Melatonin Ameliorates MI-Induced Cardiac Remodeling and Apoptosis through a JNKp53-Dependent Mechanism in Diabetes Mellitus

Joint Authors

Yang, Jian
Lu, Linhe
Ma, Jipeng
Sun, Mingming
Wang, Xiaowu
Gao, Erhe
Lu, Lintao
Yang, Lifang
Ren, Jun

Source

Oxidative Medicine and Cellular Longevity

Issue

Vol. 2020, Issue 2020 (31 Dec. 2020), pp.1-14, 14 p.

Publisher

Hindawi Publishing Corporation

Publication Date

2020-01-09

Country of Publication

Egypt

No. of Pages

14

Main Subjects

Biology

Abstract EN

Diabetes mellitus, a worldwide health threat, is considered an independent risk factor for cardiovascular diseases.

The overall cardiovascular risk of diabetes is similar to the one having one myocardial infarction (MI) attack although the precise impact of diabetes on MI-induced myocardial anomalies remains elusive.

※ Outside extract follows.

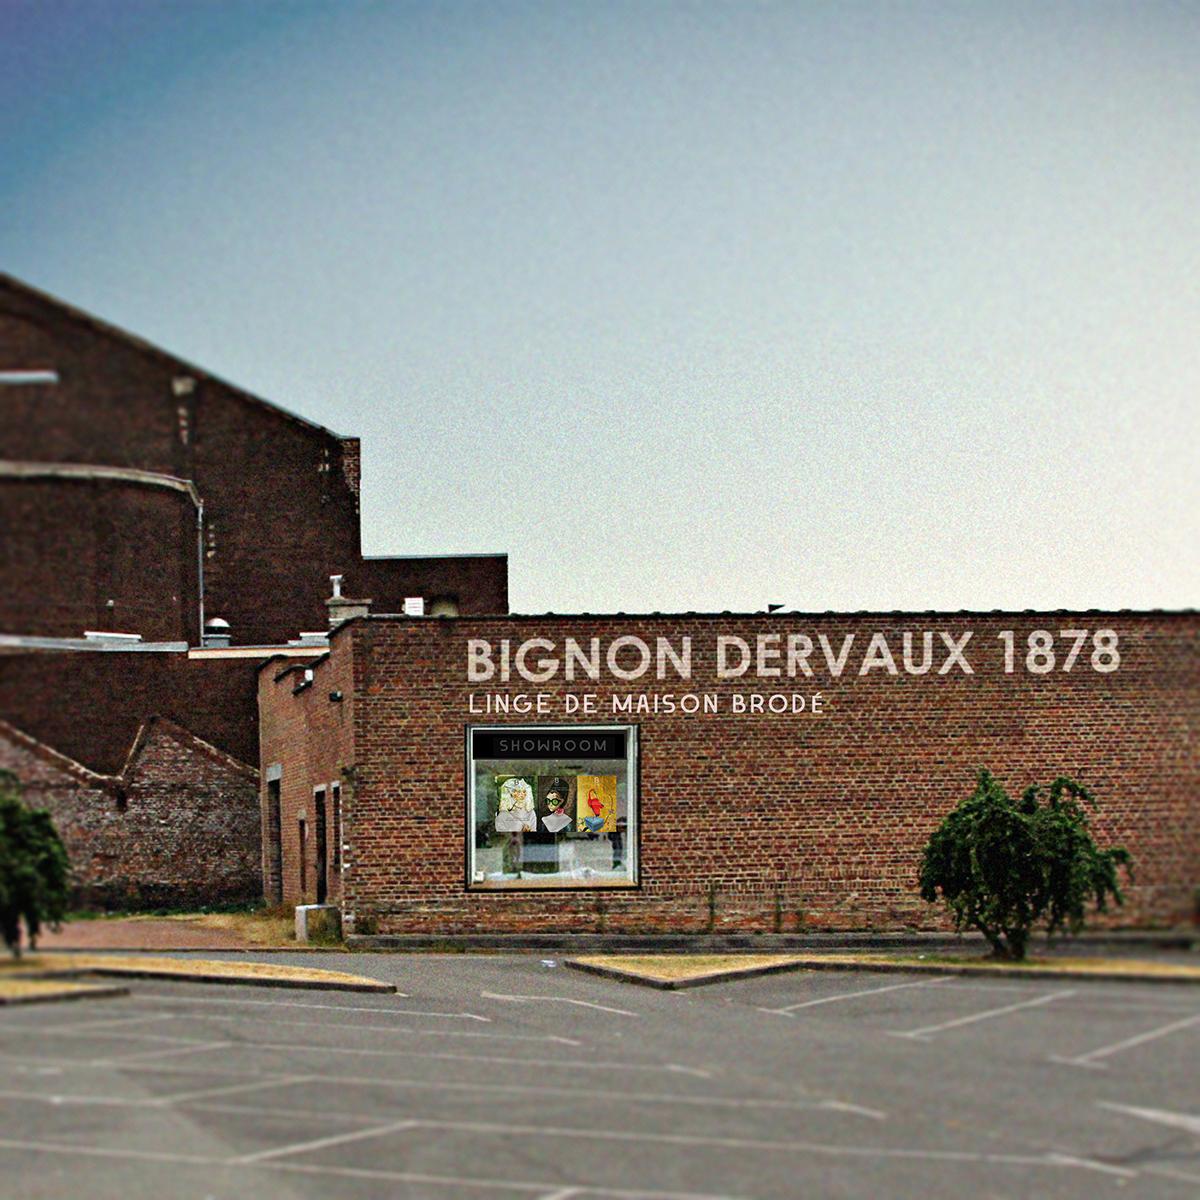 Bignon Dervaux 1878 Roubaix

Given that mortality following MI is much greater in diabetic patients compared to nondiabetic patients, this study was designed to examine the effect of melatonin on MI injury-induced myocardial dysfunction in diabetes.

Adult mice were made diabetic using high-fat feeding and streptozotocin (100 mg/kg body weight) prior to MI and were treated with melatonin (50 mg/kg/d, p.o.) for 4 weeks prior to assessment of cardiac geometry and function.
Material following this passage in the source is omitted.